Apamea apamiformis, known by the common names rice worm moth, riceworm, and wild rice worm, is a moth of the family Noctuidae. It is found in North America, including Wisconsin, New York, Minnesota and eastern Canada, with imperiled or critically imperiled populations in Maryland and Indiana, respectively, and a vulnerable population in New Jersey.

==Description==
The adult's wingspan is about 39 mm. Adults are dimorphic, with a dark form and a light form distinguished by the coloration of the forewing. The reniform spot is dark with white scales along that spot's concave border (facing the forewing's outer margin).

==Life cycle and behavior==
Adults are on wing from June to August depending on the location. They feed on nectar from common milkweed flowers.

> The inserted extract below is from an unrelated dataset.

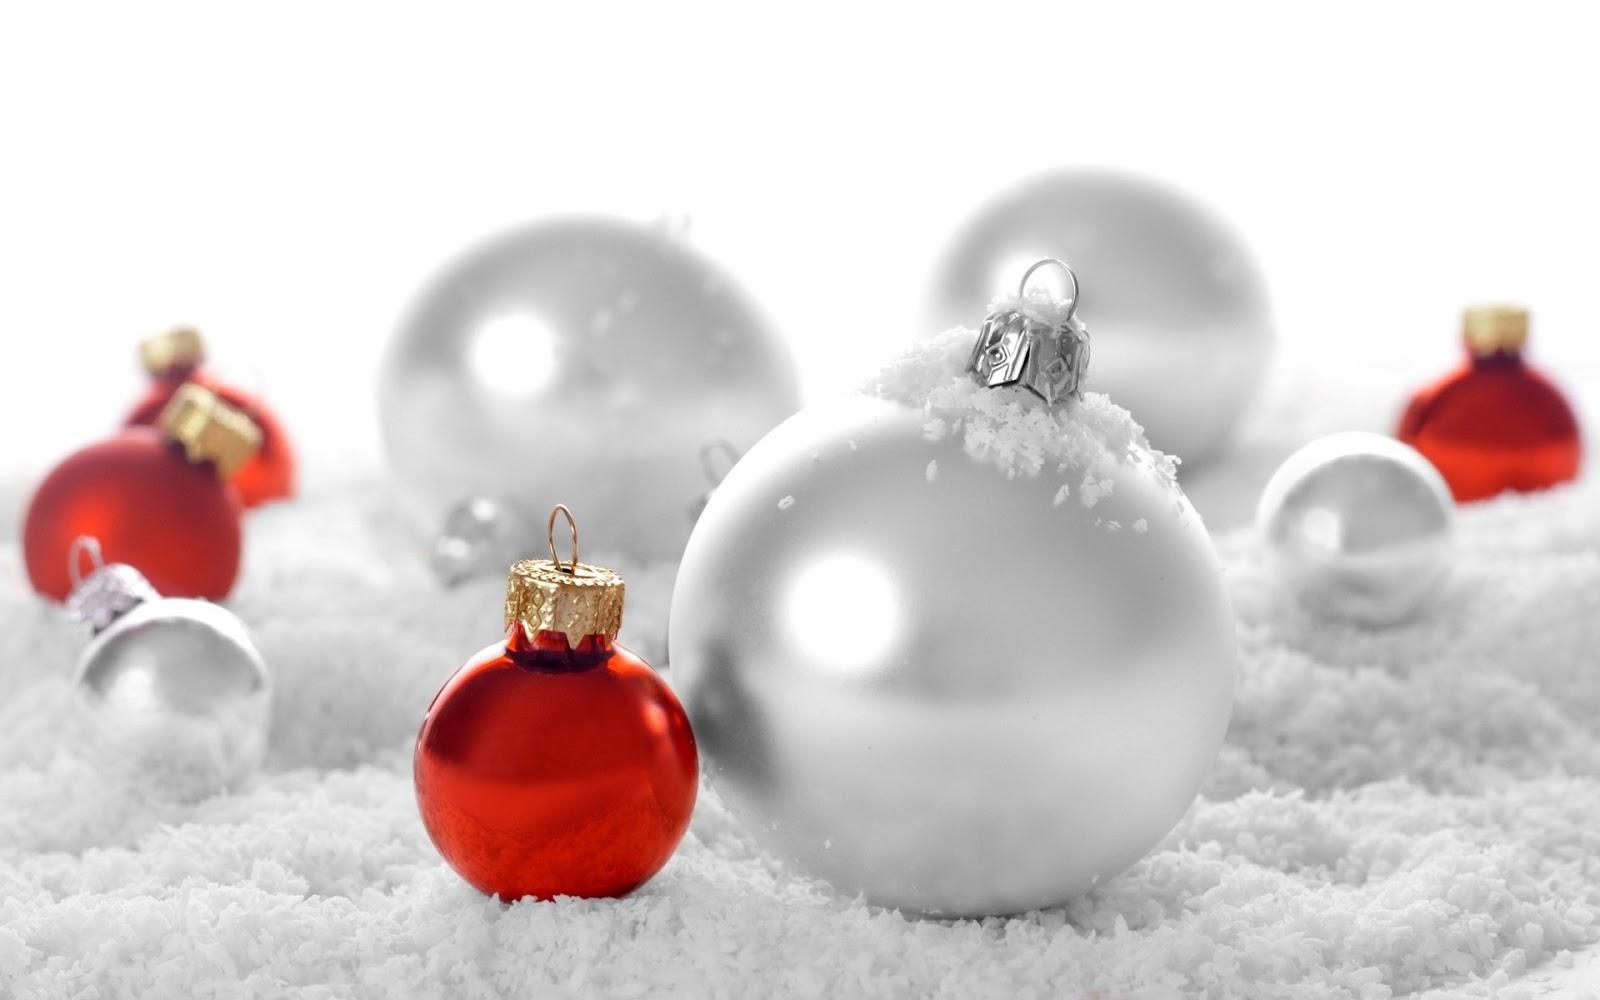 Fotografias bolas de navidad Fotografias y fotos para imprimir

Eggs are laid in the florets of wild rice from late June or early July until early August. The eggs hatch after eight or nine days and the larvae eat the ovary of their floret before ballooning away on self-spun silk threads. By the third instar they begin to consume maturing grain in the flower heads of the wild rice. Starting in September the larvae, now in the sixth or seventh instar, will either bury themselves in soil or will have already bored themselves into the rice stalks, where they overwinter before emerging in mid-spring to feed, moult into the eighth instar and subsequently pupate.

==Economic importance==
The larva is known as the most serious insect pest of cultivated wild rice in Minnesota, and perhaps the entire Upper Midwest of the United States. The larvae may be mistaken for rice grains during harvesting.